Cotton’s namesake son is deservedly less well known, but his extensive correspondence (edited and published ten years ago by Sheila McIntyre and Len Travers) makes him an invaluable source of information about King Philip’s War and the political controversies that followed it. Cotton was not without his strengths. He was the most effective minister the town of Plymouth ever had (the Pilgrims left their pastors behind in Leiden and had few positive things to say about the ministers who came to the colony in its early decades). Cotton also played important roles in the evangelization of Wampanoags, both on Martha’s Vineyard in the mid-1660s and also after he came to Plymouth. He learned enough to preach to the Indians in their own language, played some role in the conversions of a number of Wampanoag individuals and families in the 1670s, and helped with the mid-1680s revision of John Eliot’s Bible.
[Let me pause and note that the volume of Cotton’s correspondence edited by McIntyre and Travers is simply first rate. The transcriptions are accurate to the original manuscripts, and the annotations are invaluable.]
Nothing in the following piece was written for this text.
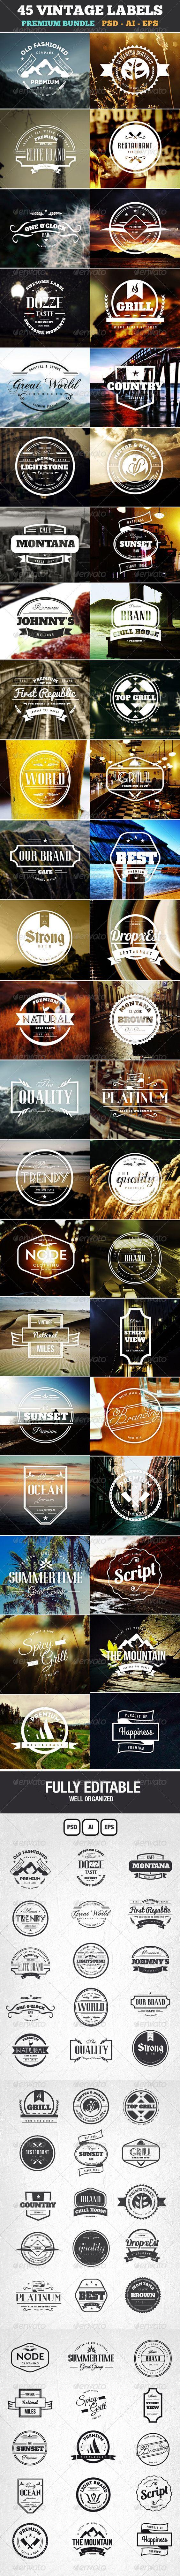 45 Vintage Labels  Badges Logos Bundle

Cotton’s ministerial career, however, began and ended with scandal. During a probationary post in Wethersfield, Connecticut, the recently married pastor was accused of what we would today call sexual misconduct. Several woman made accusations against Cotton, and the allegations ranged from untoward behavior to adultery. Cotton allegedly talked his way into one woman’s “chamber” by pretending an interest in her furniture. Another woman accused Cotton of “sinfull striving.” In response, Cotton compared himself to Joseph and his accuser to Potiphar’s wife. She had pursued him. A court-appointed committee of two magistrates and two ministers found insufficient evidence that Cotton had committed a “more grose acte” but criticized his “sinfull Rach [rash] unpeaceabell” expressions. In particular he had defamed the daughter of Connecticut’s governor. Perhaps they felt incapable of sorting out the truth of the other allegations, but there was no way Cotton was going to become Wethersfield’s pastor.
A disgraced Cotton slunk back to Boston. According to Michael G. Hall, Cotton confessed his sexual misdeeds to Increase Mather. Mather then conferred with Bay Colony magistrate John Leverett, a prominent member in Boston’s First Church, to which Cotton still belonged. Mather and Leverett agreed that church members would meet privately to discipline Cotton, who was excommunicated for “lacivious uncleane practises with three women and his horrid lying to hide his sinne.” Cotton now openly confessed his sins to the congregation, which soon restored him to fellowship. A promising ministerial career had shipwrecked.
Cotton probably envisioned filling the pulpit of his father’s church or of another prominent church in Massachusetts Bay. Those opportunities now closed, but he slowly rehabilitated his career. He soon moved with his wife and two children to Martha’s Vineyard. There is no way to know what Joanna Rosseter Cotton made of her husband’s fall from grace, which must have proven deeply humiliating for her. She remained with her husband, bearing a child roughly every two years in the 1660s and 1670s. Perhaps she, he, and Boston’s leading citizens chose to understand Cotton’s misdeeds as youthful indiscretions.
Surprisingly, Cotton stayed out of serious trouble for the next three decades. On Martha’s Vineyard, he clashed with the island’s proprietary governor, Thomas Mayhew Senior, to the point that the commissioners of the United Colonies recommended that Cotton take his talents elsewhere. There was no hint of scandal, however. That Plymouth called the checkered Cotton as its pastor illustrates the struggle that relatively poor Old Colony towns had recruiting ministers.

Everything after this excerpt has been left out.